In Let Us Prey a mysterious stranger (Liam Cunningham) descends upon a sleepy Irish town making a rookie cop's first night on the job a living hell. Rachel (Pollyanna McIntosh), the rookie in question, witnesses a reckless teen hit the stoic stranger with his car, but the body is nowhere to be found until he is brought in by fellow officers seemingly unharmed. Unable to coax the man's true identity and the purpose of a little black book full of names they lock him behind bars. The stranger begins revealing every dirty detail of the sins perpetrated by everyone in the station and before long its a fight to see who can survive before the clock strikes midnight.
Let Us Prey is held together by the sturdy shoulders of Cunningham- who most will recognize as Davos from Game of Thrones. However, even Cunningham can't shield the film from the shaky storytelling at play, though his furrowed brow and ominous demeanor keep O'Malley's film from falling apart altogether. The unraveling of each character comes at a steady clip, but there's nary a moment spent to help one understand the sins they've committed except to show in flashbacks that they are all indeed terrible people. The roads that lead these characters to be placed under the thumb of Cunningham's supernatural influence are a mystery and thus the characters suffer as a result.

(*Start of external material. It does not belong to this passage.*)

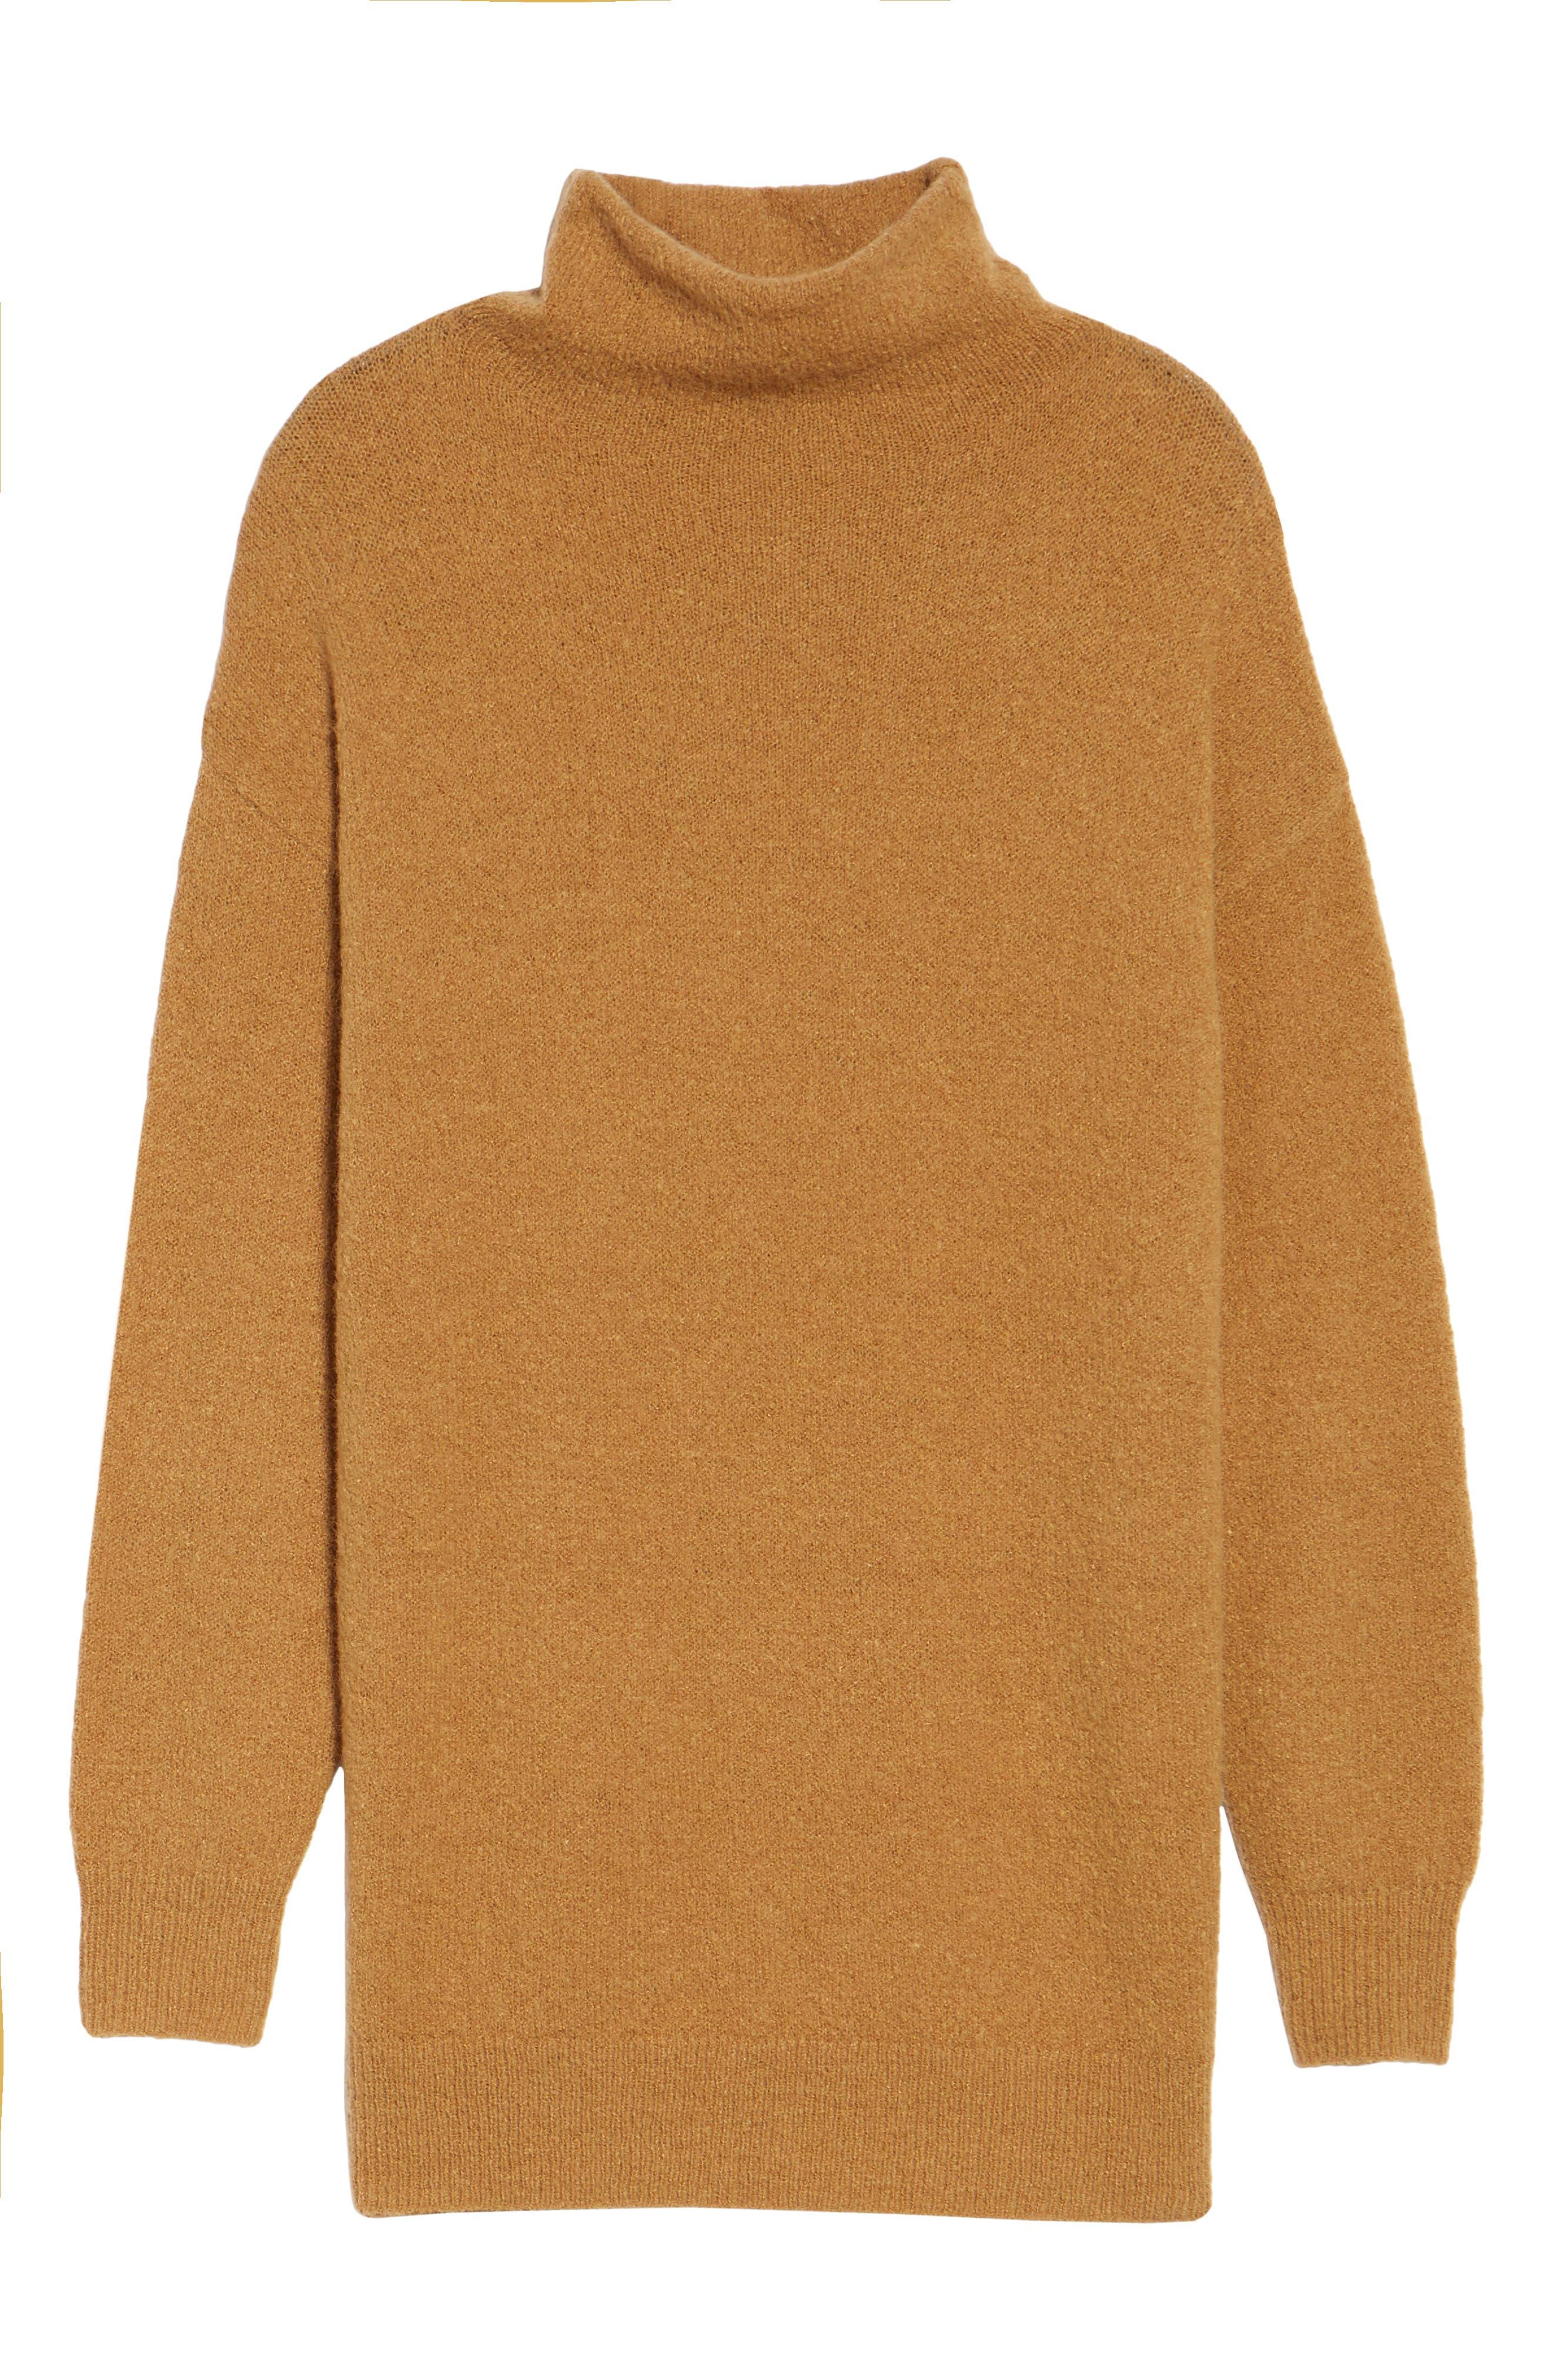 Bouclé Turtleneck Tunic Sweater,                             Alternate thumbnail 6, color,                             Brown Cattail
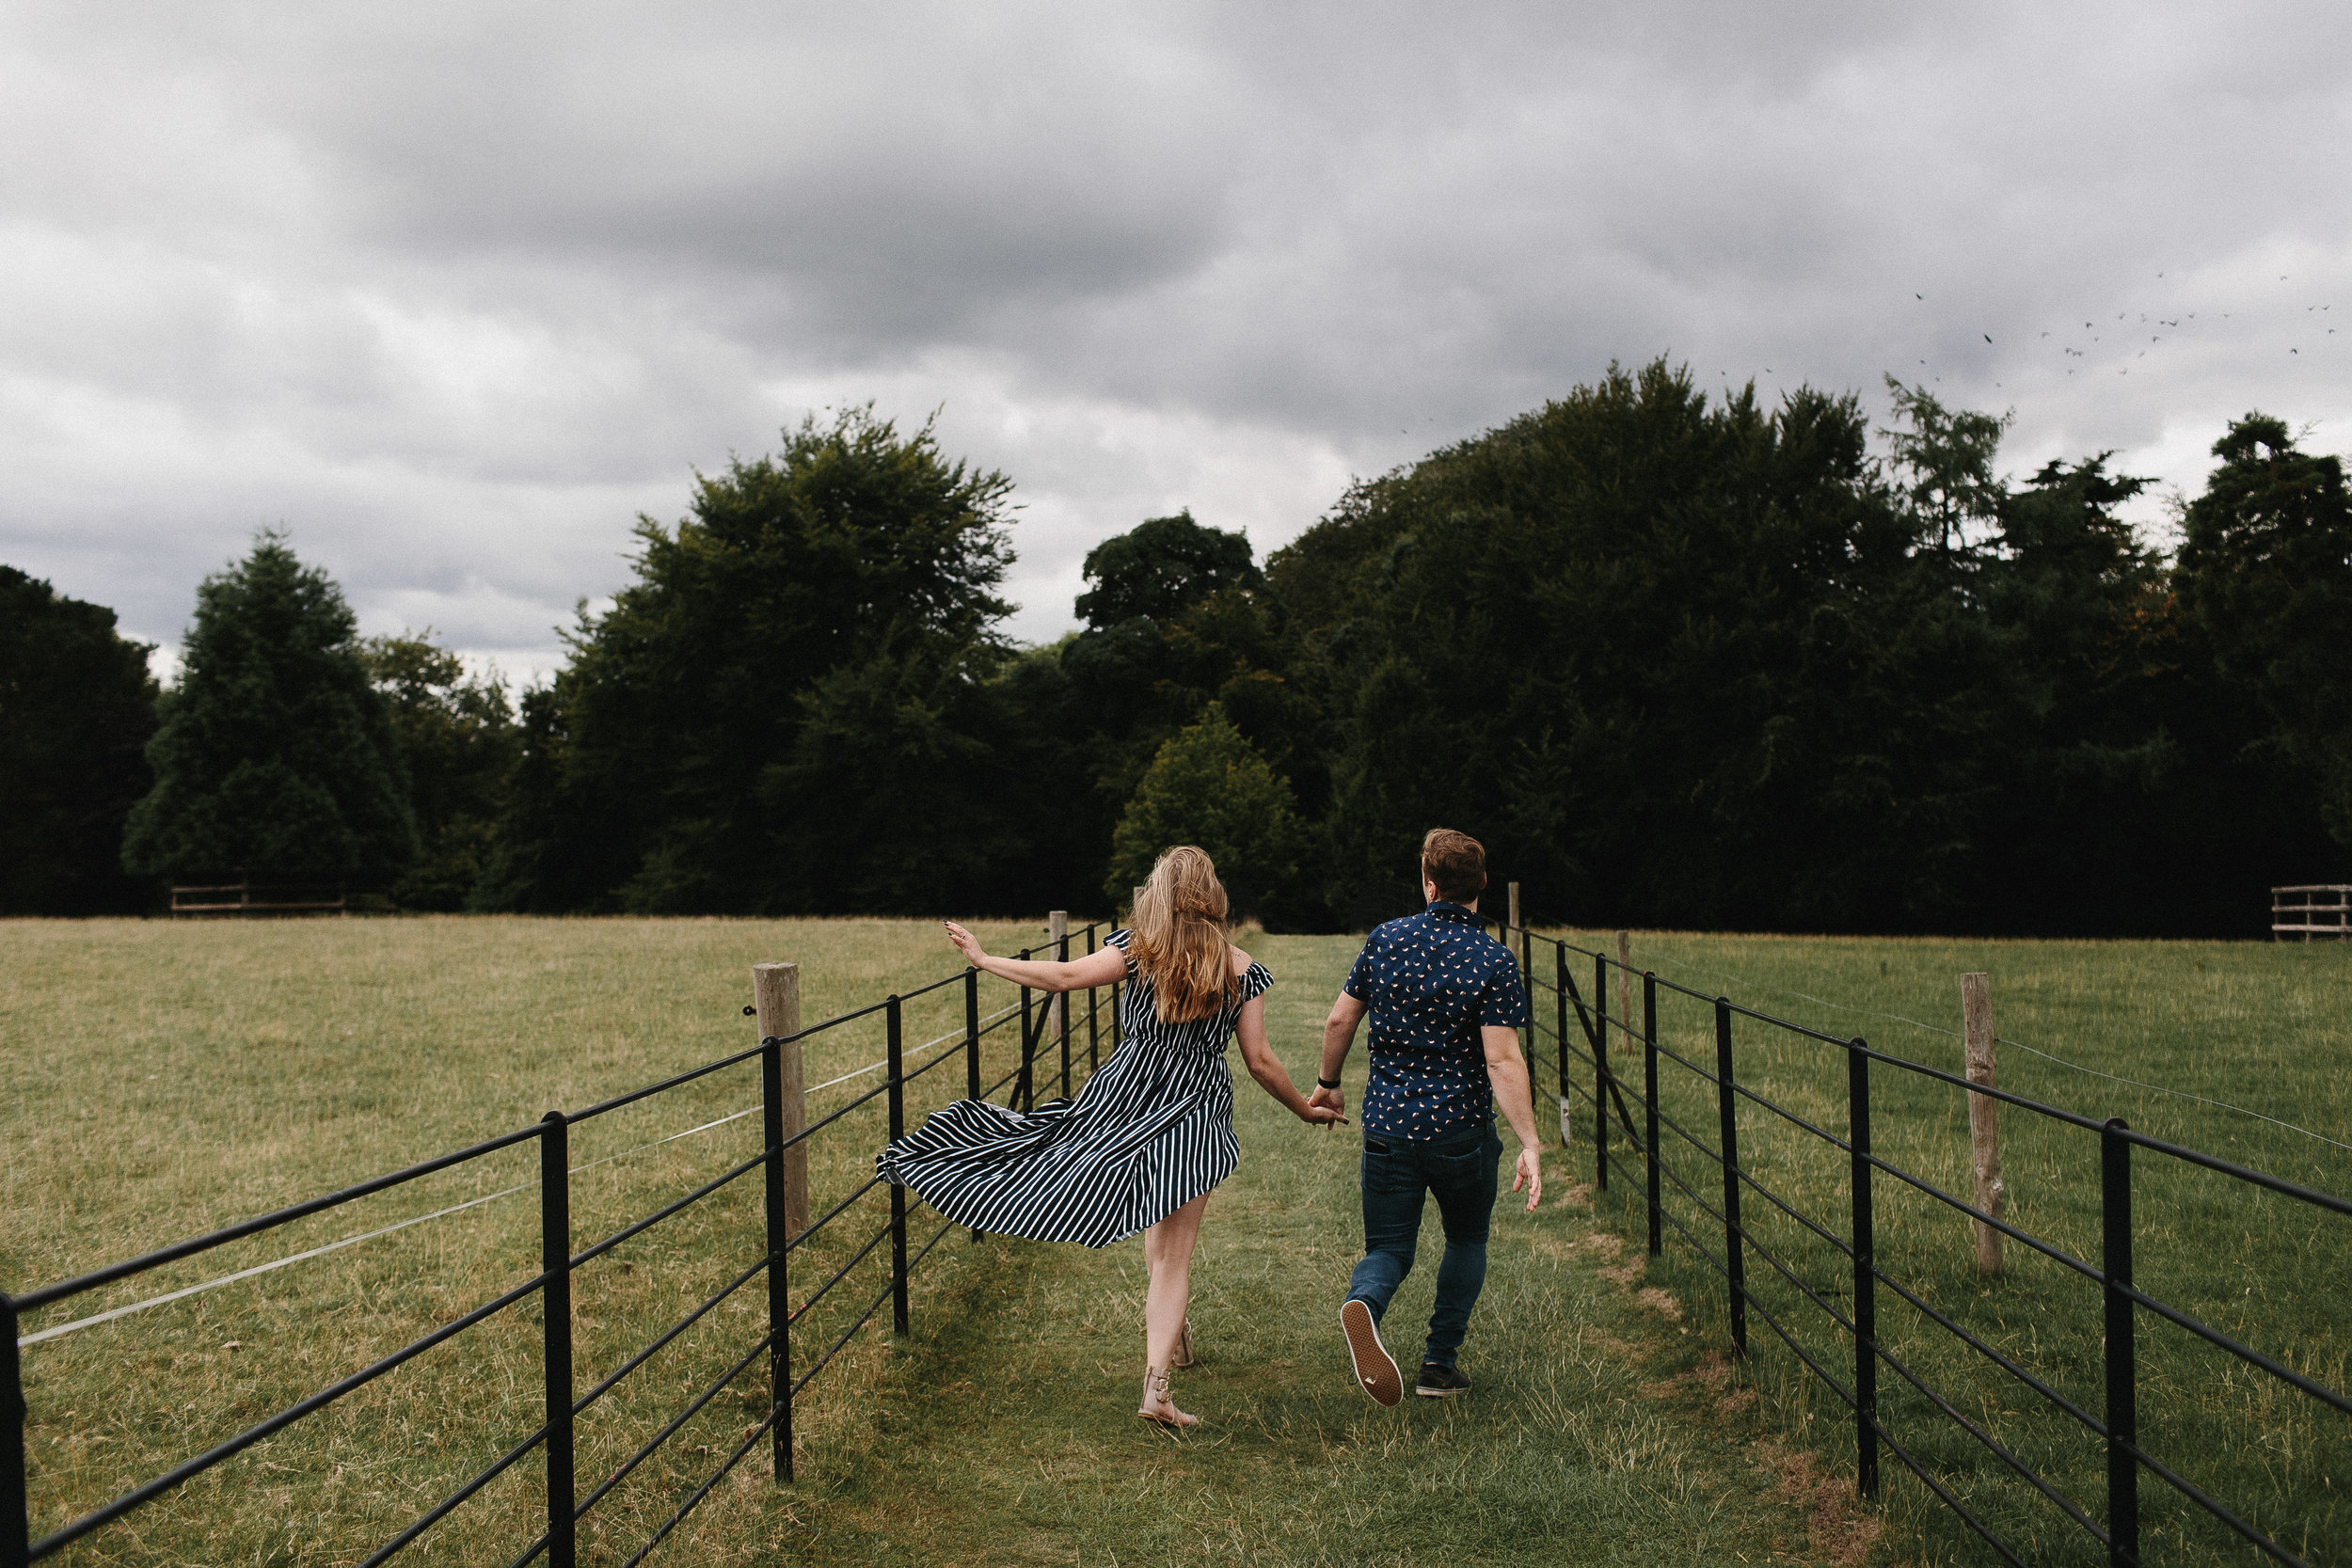 ireland_county_wicklow_glendalough_engagement_adventure_photography_windy_moody_atlanta_wedding_photographer_1037.jpg

Still, it's kind of fun to watch Cunningham taunt the sinners around him with the knowledge of their deeds while snapping matches in half and scowling into the camera. It also helps that the film itself is shot beautifully; giving some of the set pieces a magnificently clear aesthetic to display the maddeningly bizarre character shifts. How Rachel inexplicably ended up as a cop in a town full of sociopaths is just one more notch to chalk up for the film's dizzying array of storytelling pitfalls. But hey, at least O'Malley is kind enough to let the blood flow aplenty in the final act- kudos on that one.
By design Let Us Prey has the appearance of a supernatural thriller capable of standing tall in the genre, but structural issues periodically threaten to collapse all its niceties and smother a great performance from Liam Cunningham. Let Us Prey emerges as a mostly solid genre effort in spite of its flaws and postits Brian O'Malley as a director with limitless potential.